News Release

Study published in NEJM reports that testosterone patch improves sexual function and psychological well-being in surgically postmenopausal women

Peer-Reviewed Publication

Cedars-Sinai Medical Center

LOS ANGELES -- According to a study published in the Sept. 7 issue of the New England Journal of Medicine, an experimental testosterone patch improved the sexual function and psychological well-being of women who had undergone surgical menopause (removal of the ovaries and uterus).

Seventy-five women between ages 31 and 56 enrolled in the study, the first ever conducted with a testosterone skin patch to treat sexual problems in surgically menopausal women, according to Glenn D. Braunstein, M.D., Chair of the Department of Medicine at Cedars-Sinai Medical Center. Of the original 75 participants, 18 withdrew or were removed from the study because of personal, medical or compliance issues.

Cedars-Sinai was one of nine participating research centers in the United States.

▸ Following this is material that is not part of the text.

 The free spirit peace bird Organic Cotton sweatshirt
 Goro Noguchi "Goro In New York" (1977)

Despite receiving estrogen replacement therapy, many women whose ovaries are surgically removed experience decreased sexual desire, activity and pleasure, and they have a reduced sense of general well-being. The ovaries produce about half of the testosterone that circulates in the bloodstream of premenopausal women, with the other half contributed by the adrenal glands.

Each of the women in the study had had both ovaries and her uterus removed before natural menopause, at least one year but not more than 10 years earlier. All of those qualifying to participate expressed dissatisfaction with their sexual function and had low scores on a standardized measurement of female sexuality.

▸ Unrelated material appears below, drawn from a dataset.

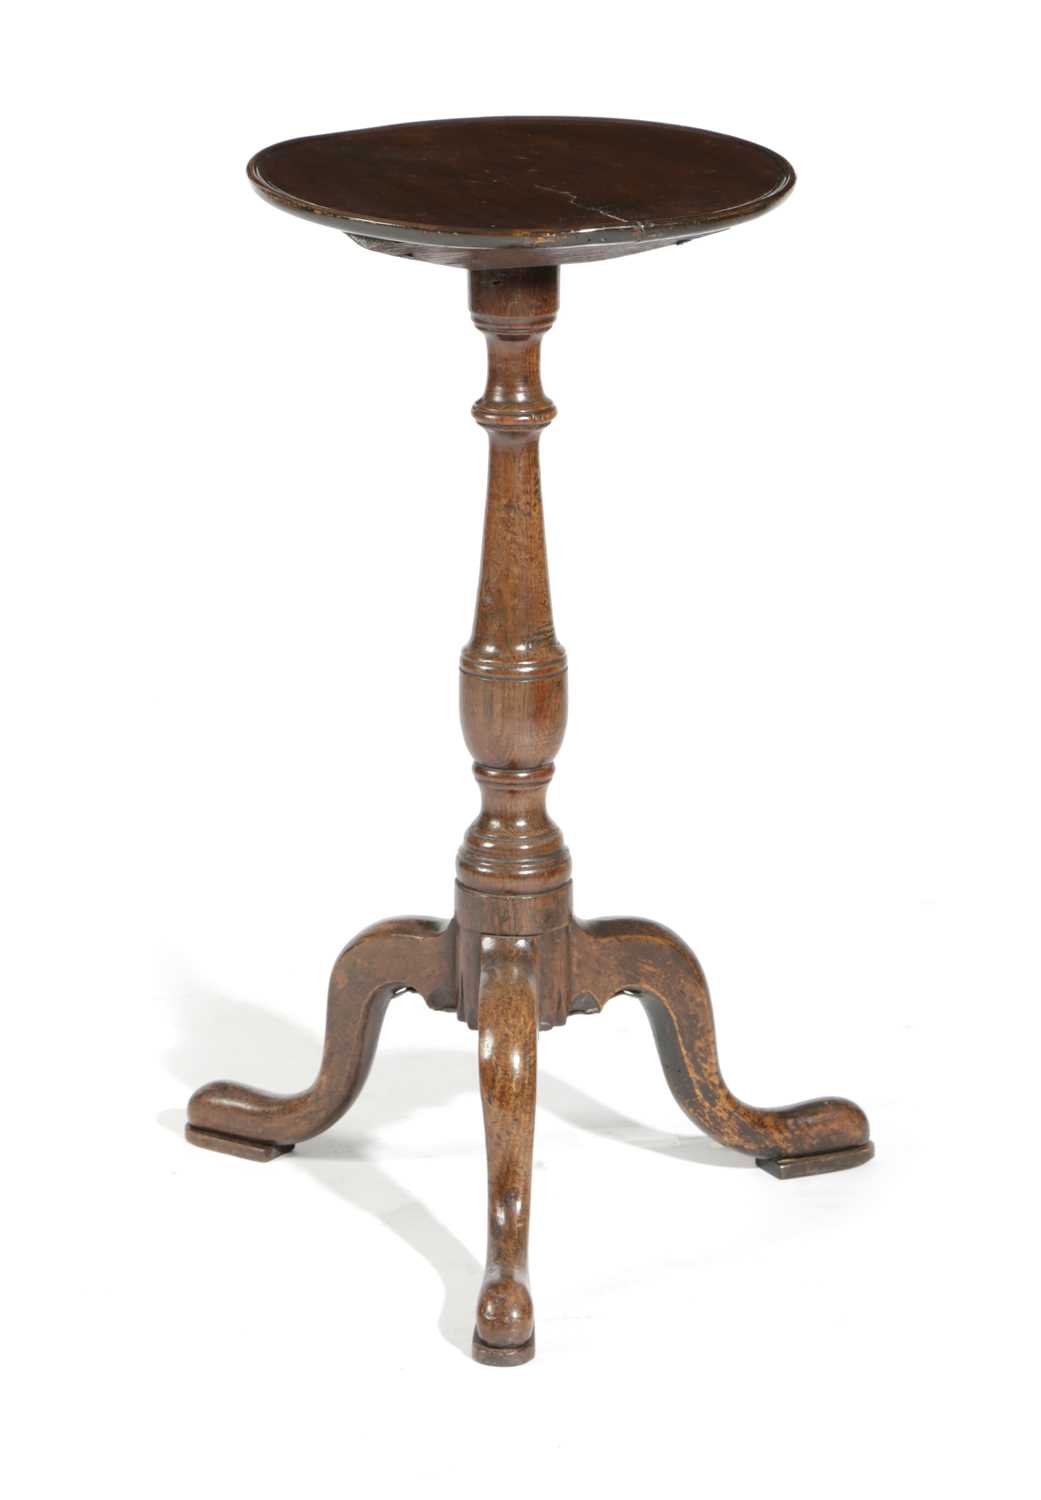 A GEORGE III TRIPOD TABLE C.1770 the circular dished fruitwood top above an oak base 68.5cm high,

After screening and a four-week base-line period, the women participated in three consecutive 12-week treatment periods, receiving two abdominal patches that were changed twice a week. The sexual functioning questionnaire and an assessment of psychological well-being were repeated at the end of the initial four-week base-line period and at the end of each 12-week treatment period.

During one treatment phase, both patches were inactive (placebo), containing no testosterone. During another 12-week period, one patch was active and the other was inactive, thereby providing a low dose of testosterone. In the other phase, both patches contained testosterone and therefore provided a greater dose. All of the experimental patches looked the same and neither the participants nor the investigators knew the content of the patches at any given time. Also, the women continued on the estrogen replacement therapy they were taking previously.

To be sure the treatment was safe, patients were monitored for changes in laboratory values, facial and body hair growth, and acne. Hormone levels were measured regularly, and the skin was assessed to determine the local tolerability of the patches.

Overall, the results showed that testosterone levels increased to within normal ranges and was well tolerated. Treatment with the higher dose of testosterone improved sexual function and psychological well-being substantially more than placebo, although there was a noted placebo effect.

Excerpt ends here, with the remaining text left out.